Hormone disruption by PBDEs in adult male sport fish consumers.
Environ Health Perspect. 2008 Dec;116(12):1635-41. Epub 2008 Jul 24. PMID: 19079713
Division of Epidemiology and Biostatistics, School of Public Health, University of Illinois at Chicago, 1603 W. Taylor Street, Chicago, IL 60612, USA. firstname.lastname@example.org
BACKGROUND: Persistent pollutants, such as polychlorinated biphenyls (PCBs), affect endocrine function. Human exposure to polybrominated diphenyl ethers (PBDEs), which are similar in structure to PCBs, has increased recently, but health effects have not been well studied.
OBJECTIVES: Our goal in this study was to determine whether PBDE body burdens are related to thyroid and steroid hormone levels, thyroid antibodies, and thyroid disease in a cohort of frequent and infrequent adult male sport fish consumers.
METHODS: We tested serum from 405 adult males for PBDE congeners, PCB congeners, testosterone, sex-hormone-binding globulin (SHBG), SHBG-bound testosterone, thyroglobulin antibodies, and the thyroid hormones thyroxine (T(4)), triiodothyronine (T(3)), thyroid-stimulating hormone (TSH), and T(4)-binding globulin (TBG). We collected data on demographics, fish consumption, medical diseases, and medication use.
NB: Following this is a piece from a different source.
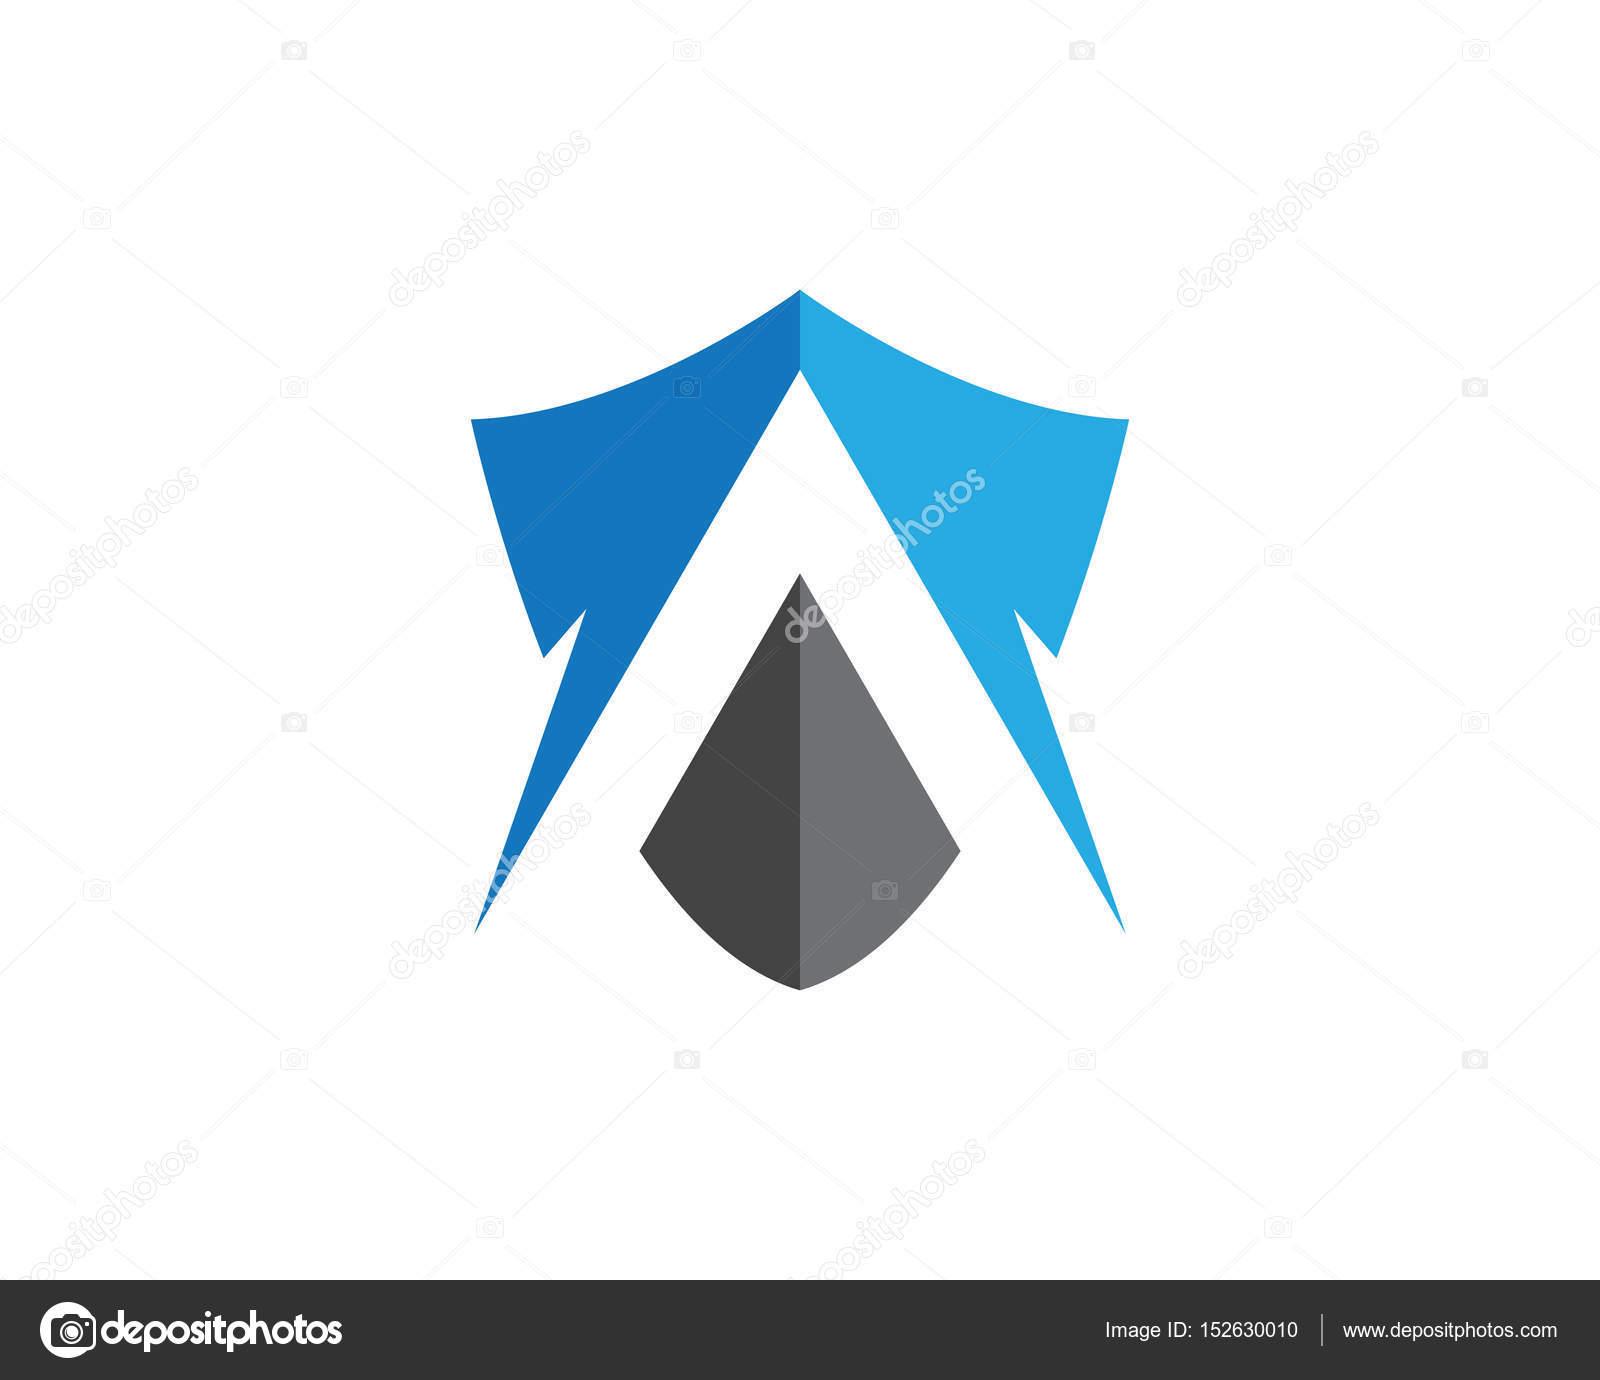 Security logos design

RESULTS: The median sum of PBDEs was 38 ng/g lipid. In 308 men without thyroid disease or diabetes, PBDEs were positively related to measures of T(4) and reverse T(3) and inversely related to total T(3) and TSH. PBDEs were positively related to the percentage of T(4) bound to albumin, and inversely related to the percentage of T(4) bound to TBG. Associations of BDE congeners with hormones varied. BDE-47 was positively associated with testosterone levels. Participants with PBDEs over the 95th percentile were more likely to have thyroglobulin antibodies, although high PBDE exposure was not associated with thyroid disease. PBDE effects were independent of PCB exposure and sport fish consumption.
CONCLUSIONS: PBDE exposure, at levels comparable with those of the general U.S. population, was associated with increased thyroglobulin antibodies and increased T(4) in adult males.